Outpatient Coding Specialist II (Remote)

Remote Full-time
Description

A Brief Overview

Responsible for accurately and timely coding of moderately complex encounters following established coding, CMS regulations and hospital guidelines. Accurately codes diagnostic and procedural information following official coding guidelines, facility specific guidelines and federal regulations.

What You Will Do
• Reviews moderately complex medical records to identify sequence, code diagnoses and procedures according to established coding, CMS and hospital guidelines.
• Responsible for accurately coding hospital same day surgery, observations, ancillary, ED encounters and/or professional services.
• Ensures optimal CPT, ASC, APC, APG assignment as applicable.
• Understanding and ability to resolve coding specific edits such as CCI, LCD, NCD, and MUE.
• Supports OP Clinical Documentation Improvement program.
• Maintains productivity and quality rate according to established standards.
• Works within UH Billing time frames.
• Maintains coding knowledge and skills via written coding resources, clinical information and educational webinars. Maintains knowledge of guidelines and regulations affecting the UHHS Coding Department. Maintains up to date credentials.
• Abides by the Standards of Ethical Coding as set forth by the American Health Information Management Association (AHIMA).
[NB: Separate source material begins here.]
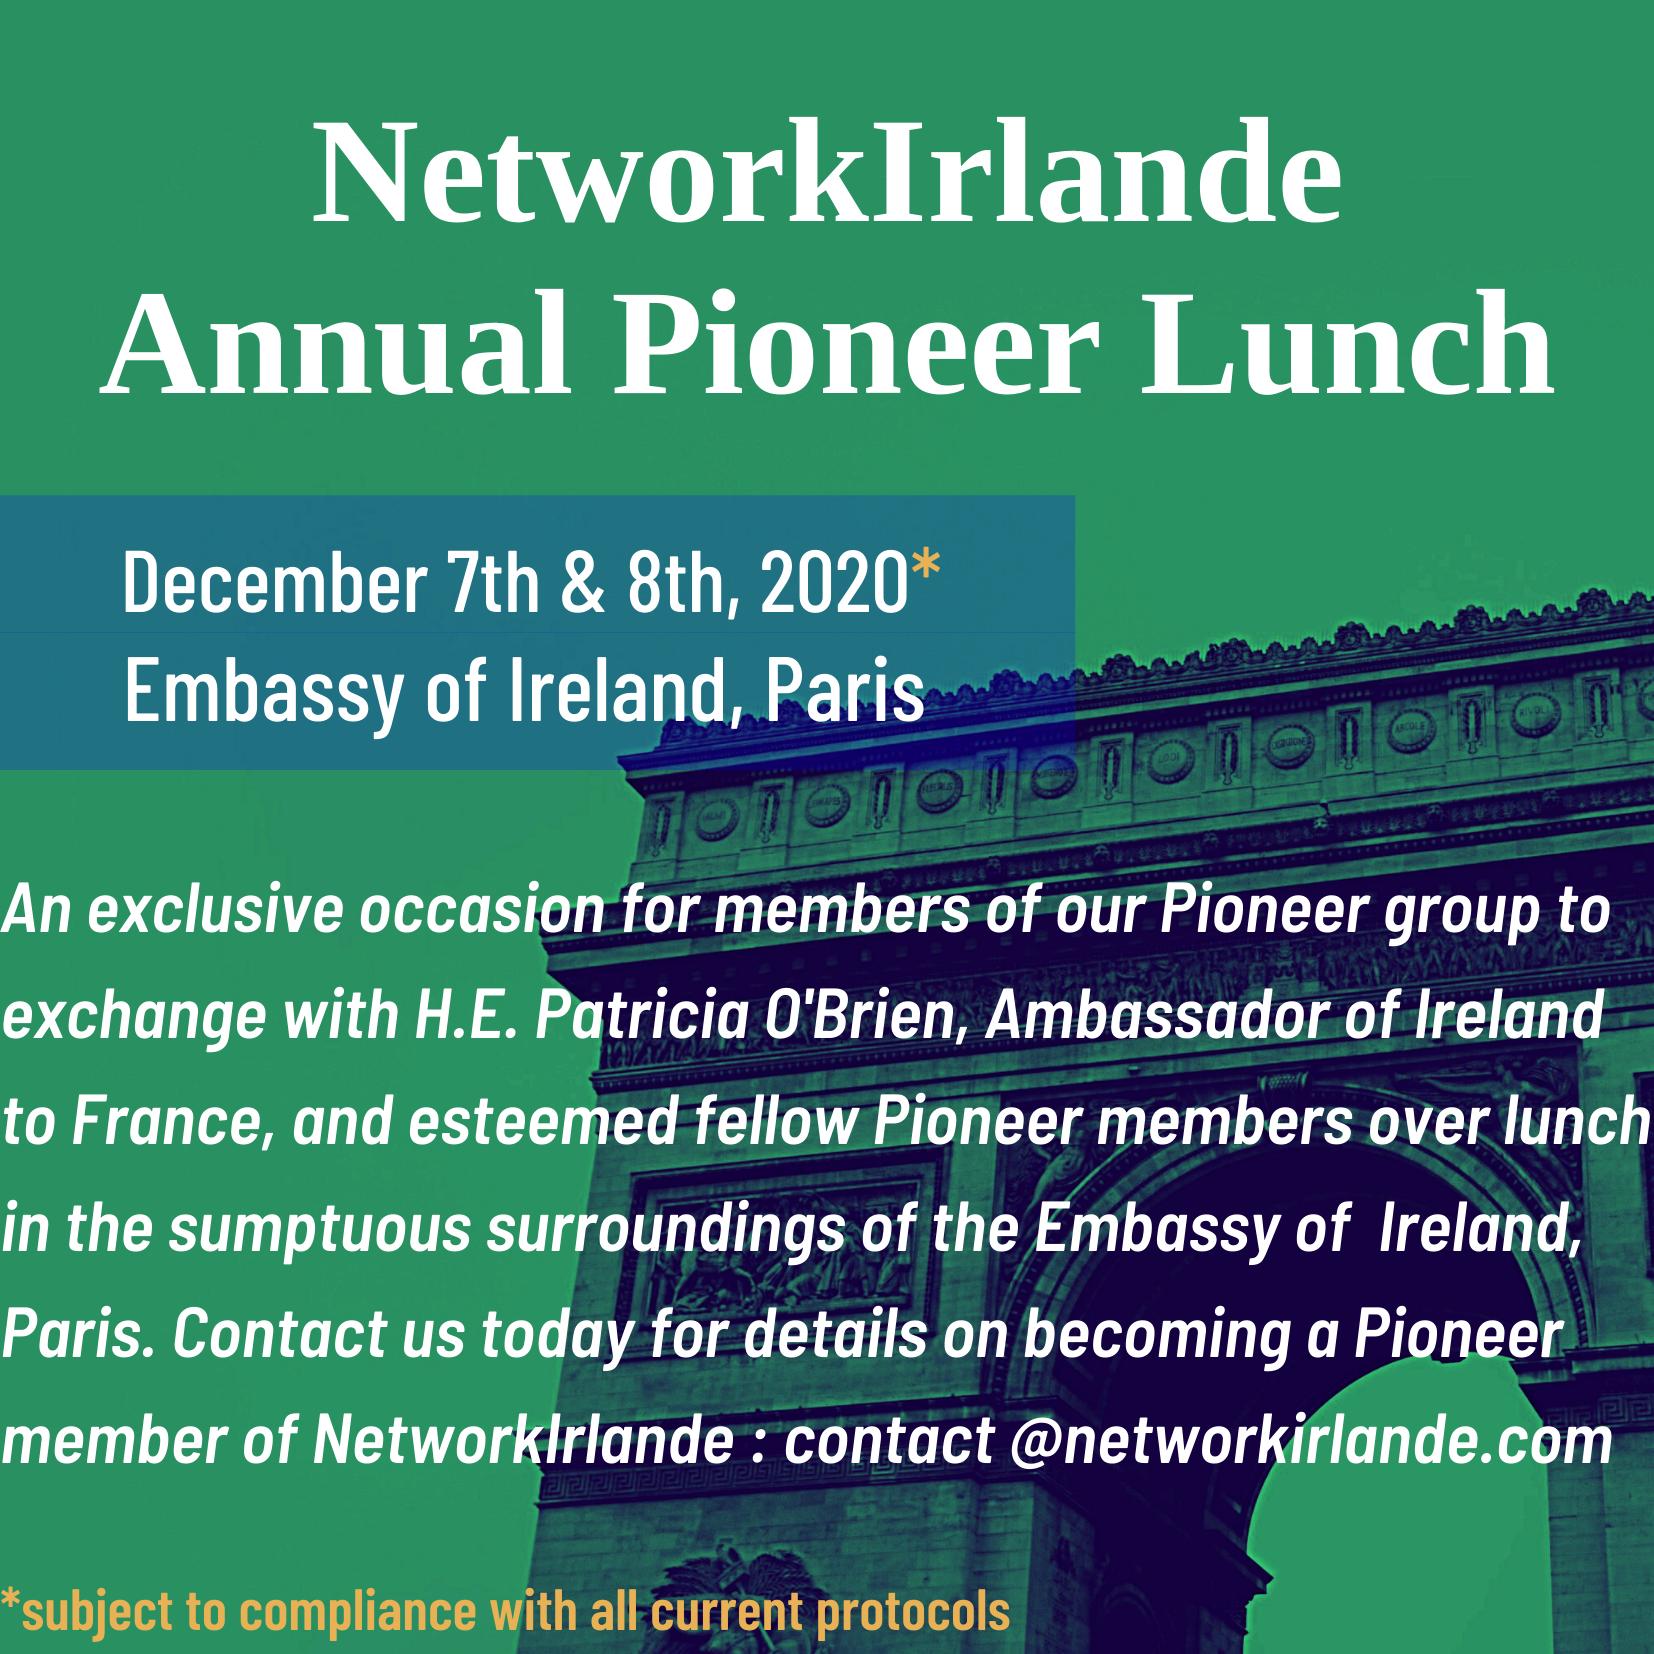 NetworkIrlande Pioneer Lunch

Additional Responsibilities
• Participates in educational and informational activities as required.
• Performs other duties as assigned.
• Complies with all policies and standards.
• For specific duties and responsibilities, refer to documentation provided by the department during orientation.
• Must abide by all requirements to safely and securely maintain Protected Health Information (PHI) for our patients. Annual training, the UH Code of Conduct and UH policies and procedures are in place to address appropriate use of PHI in the workplace.